Improved Real-Time PCR Diagnosis of Citrus Stubborn Disease by Targeting Prophage Genes of Spiroplasma citri.

Abstract

Spiroplasma citri is a phloem-limited bacterium causing citrus stubborn disease (CSD). Isolation and culturing of S. citri is technically demanding and time consuming. S. citri is typically low in titer and unevenly distributed in citrus, making reliable detection challenging. The current preferred detection method is polymerase chain reaction (PCR) assays with primers developed from sequences of S. citri housekeeping genes. Recent genome sequencing of S. citri revealed that the bacterium harbors multiple copies of prophage genes. Therefore, targeting multicopy prophage genes was hypothesized to improve sensitivity of PCR detection. Two primer sets, Php-orf1 and Php-orf3, were developed from conserved prophage sequences in the S. citri genome. These primer sets were used to evaluate detection sensitivity in SYBR Green-based quantitative PCR (qPCR) assays with 18 S. citri in cultures isolated from different hosts and locations. Prophage primer set Php-orf1 increased detection sensitivity by 4.91 and 3.65 cycle threshold (Cq) units compared with housekeeping gene primers for spiralin and P58 putative adhesin gene, respectively. Detection was slightly less sensitive for the Php-orf3 primer set at 3.02 and 1.76 Cq units, respectively, over the same housekeeping gene primers.
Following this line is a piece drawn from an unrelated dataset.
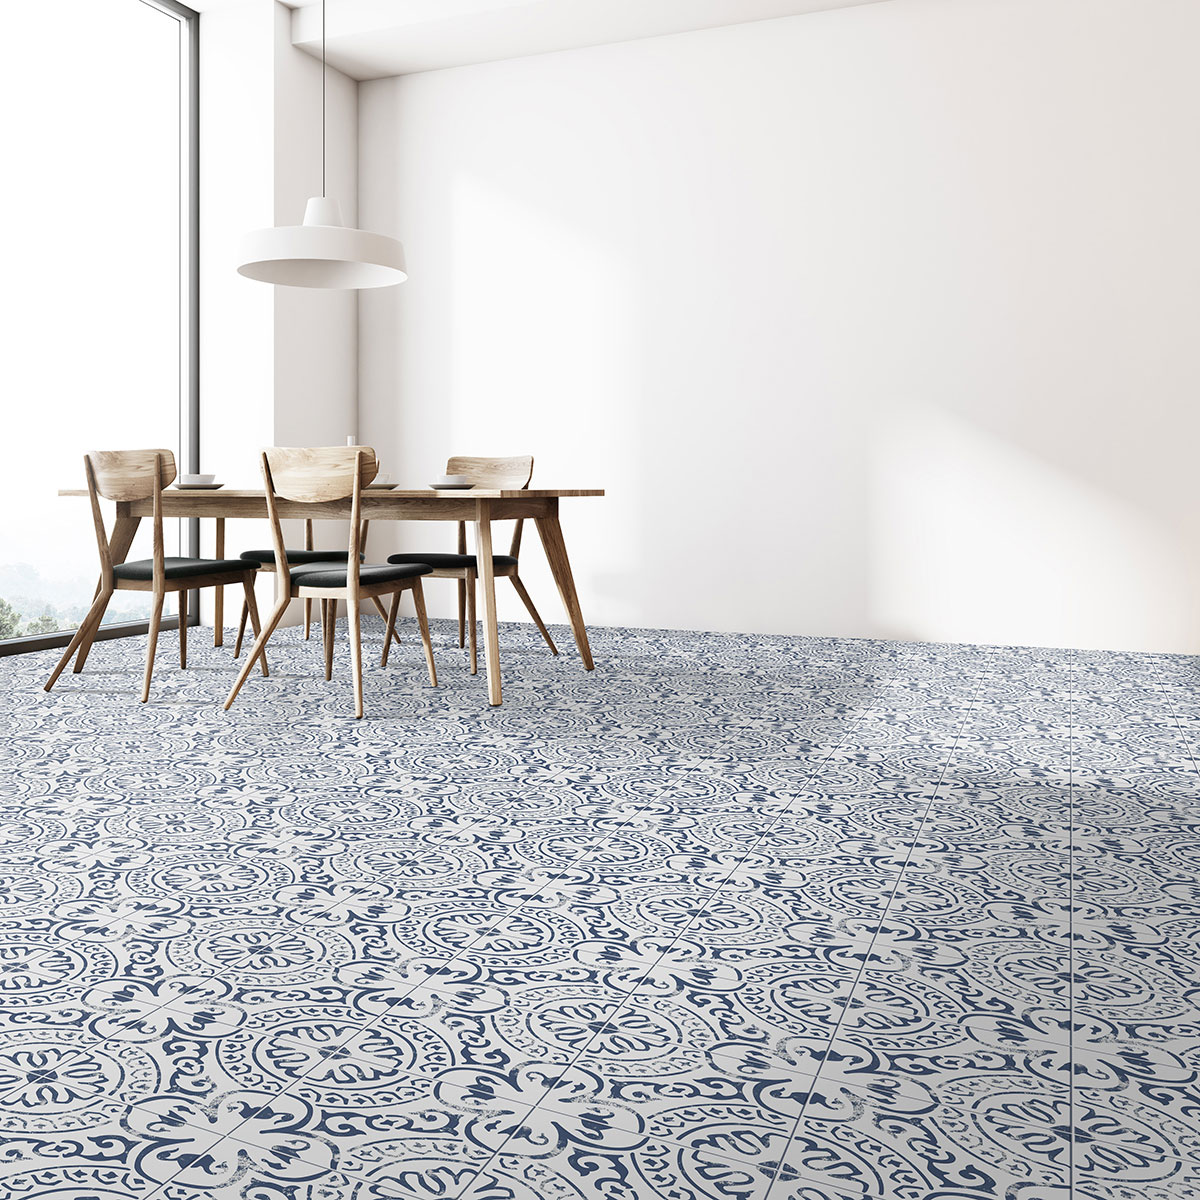 Kenzzi Indigo Encaustic Tile dining room floor

The prophage primer sets were validated for qPCR detection with field samples from three citrus orchards in California's San Joaquin Valley collected from 2007 to 2013. The data showed that S. citri prophage sequences improved sensitivity for qPCR detection of S. citri-infected trees at least 10-fold and reduced the number of false-negative results. No false-positive samples were detected with any of the primer sets. The enhanced sensitivity resulted from the higher copy number of prophage genes in the S. citri genome and, thus, improved CSD diagnosis from field samples.